[WHAT YOU SHOULD DO] Here the job is to repeat the listing exactly, but not the pictures in it.

*** EXERCISE DATA Section Begins ***

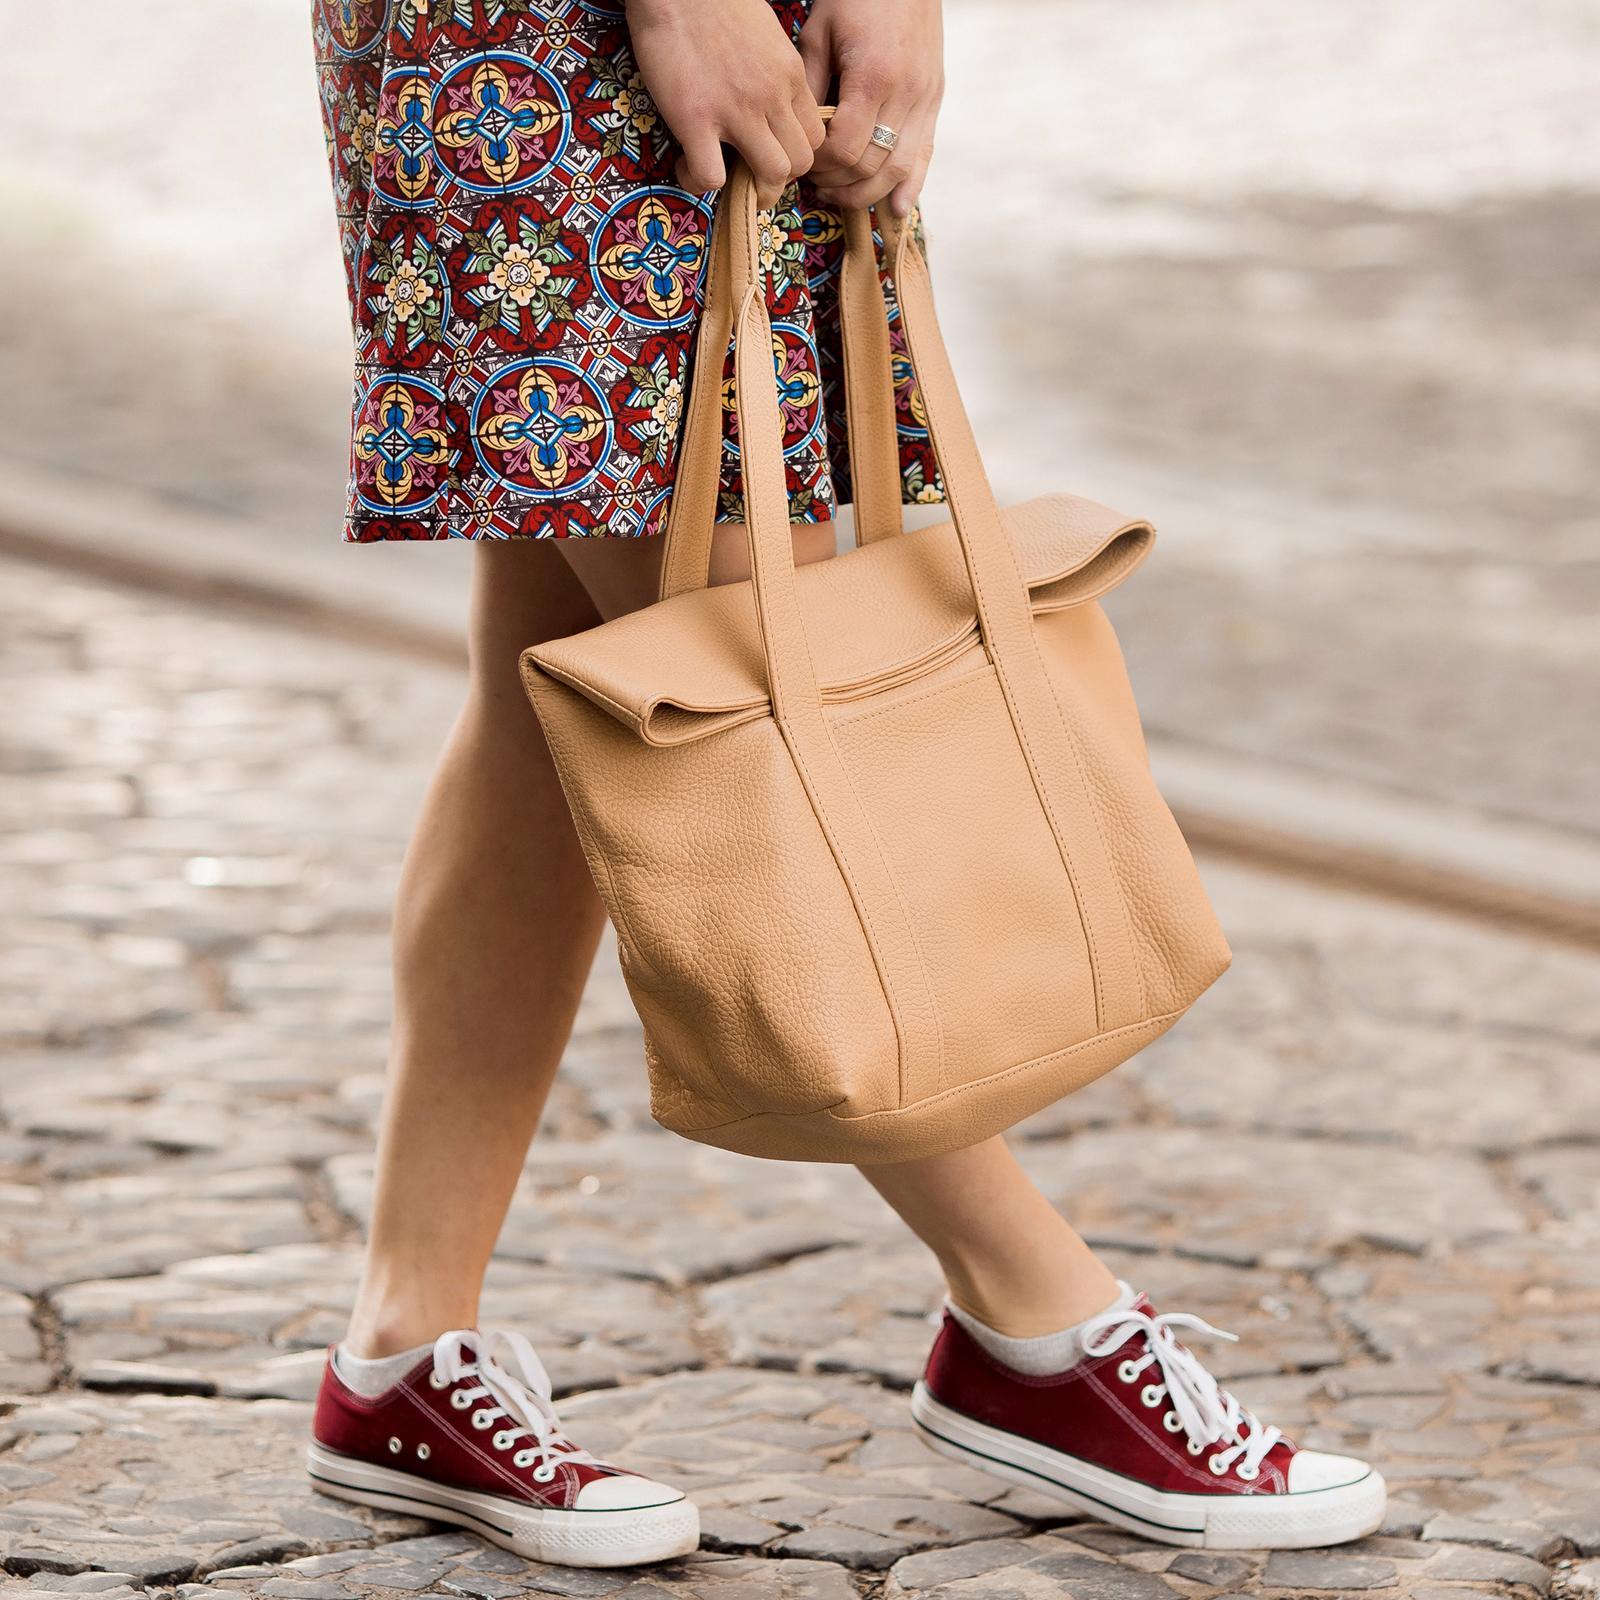 Фото: сумка беж з високоякісної шкіри
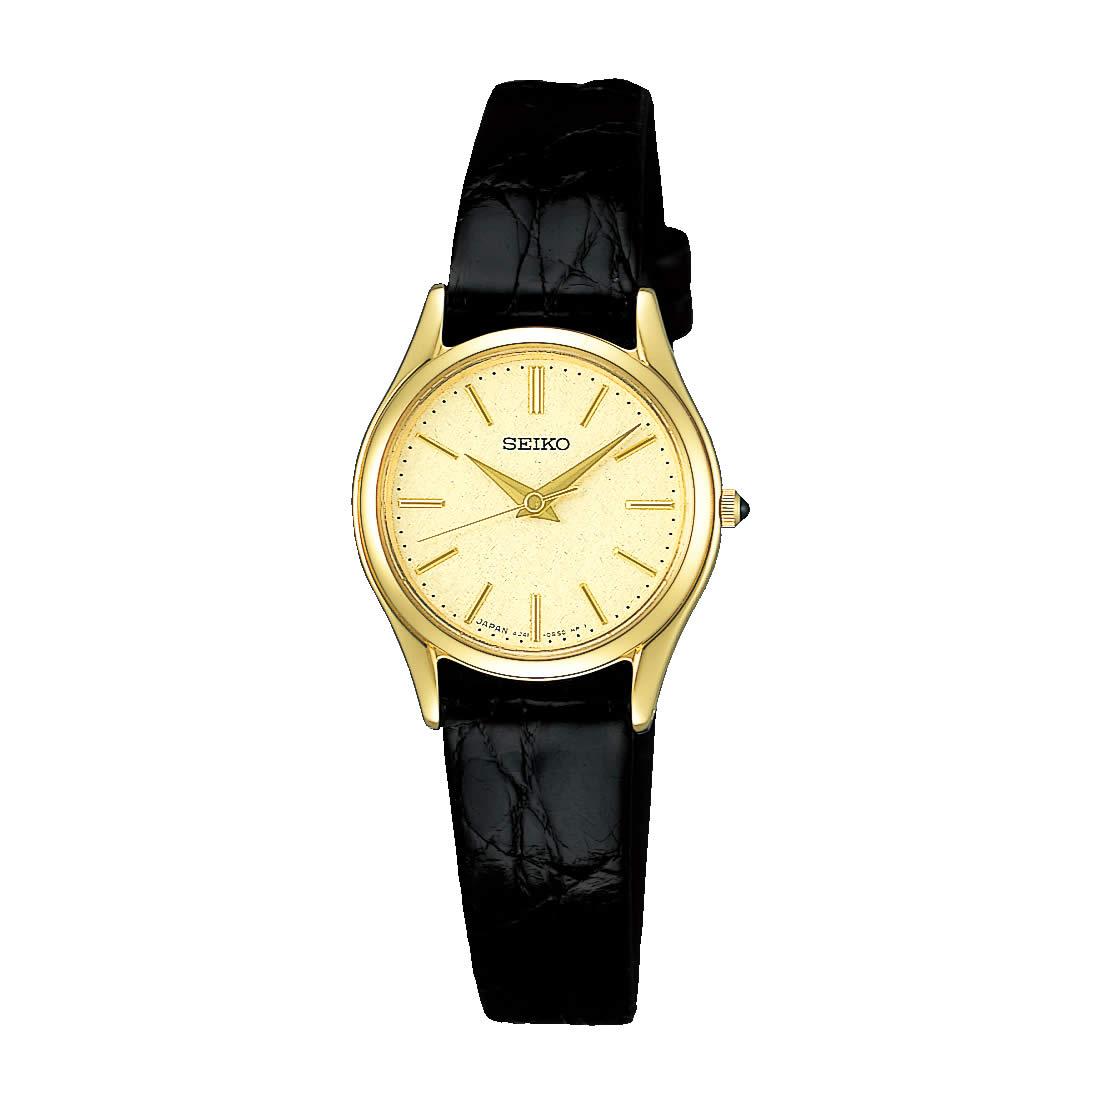 【送料無料】【国内正規品】セイコー エクセリーヌ SEIKO EXCELINE 腕時計 革ベルト SWDL160 レディース 時計 オフィス ペアウォッチ ペア腕時計 レザー ワニ革 ビジネス シンプル 人気 うでどけい とけい WATCH 時計【取り寄せ】
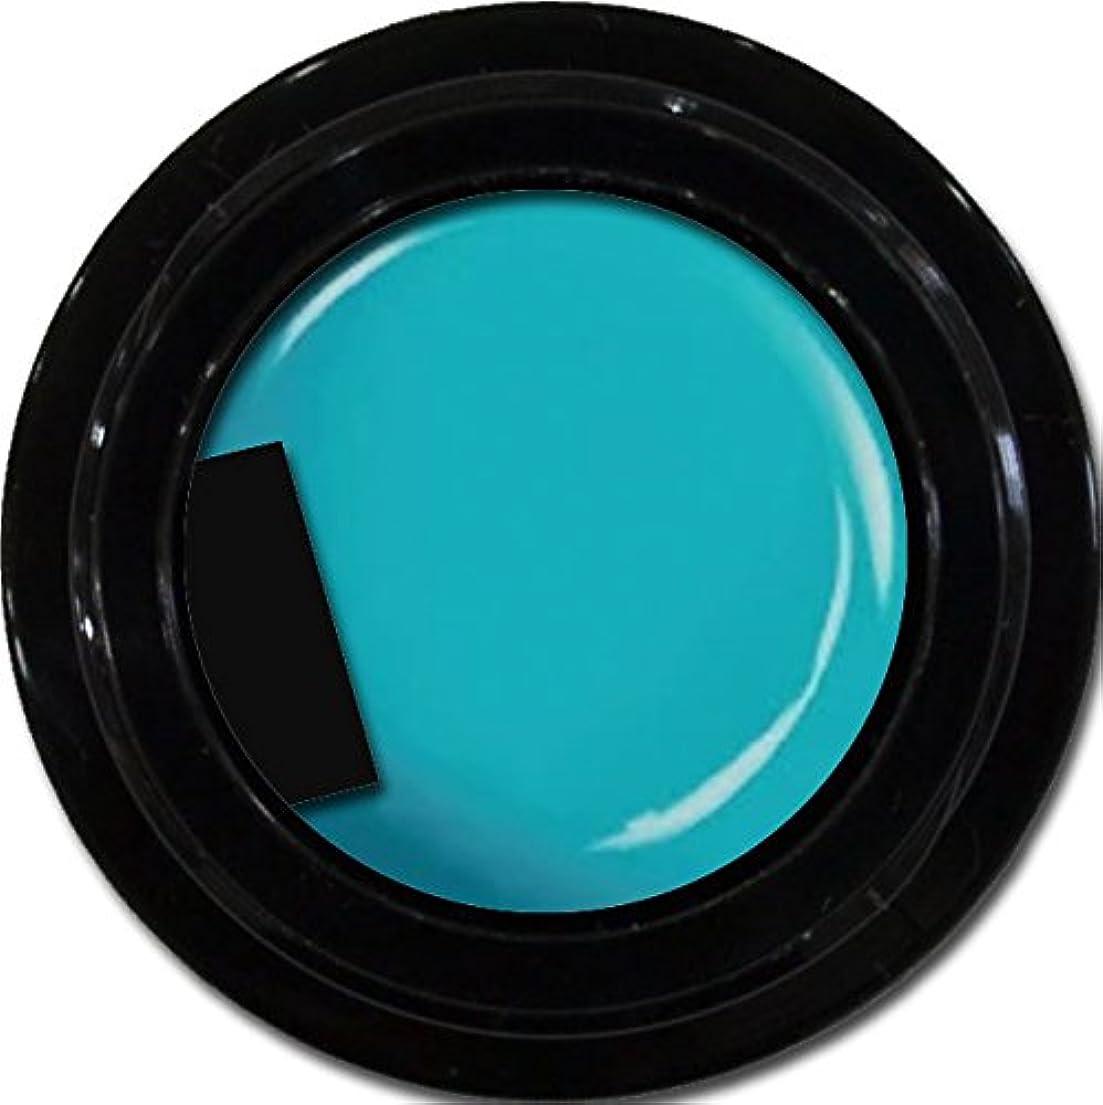 王朝バナナ貢献するカラージェル enchant color gel M707 CanalBlue3g/ マットカラージェル M707カナールブルー 3グラム

*** EXERCISE DATA Section Ends ***

[RESPONSE TO THE EXERCISE]
 Фото: сумка беж з високоякісної шкіри
 【送料無料】【国内正規品】セイコー エクセリーヌ SEIKO EXCELINE 腕時計 革ベルト SWDL160 レディース 時計 オフィス ペアウォッチ ペア腕時計 レザー ワニ革 ビジネス シンプル 人気 うでどけい とけい WATCH 時計【取り寄せ】
 王朝バナナ貢献するカラージェル enchant color gel M707 CanalBlue3g/ マットカラージェル M707カナールブルー 3グラム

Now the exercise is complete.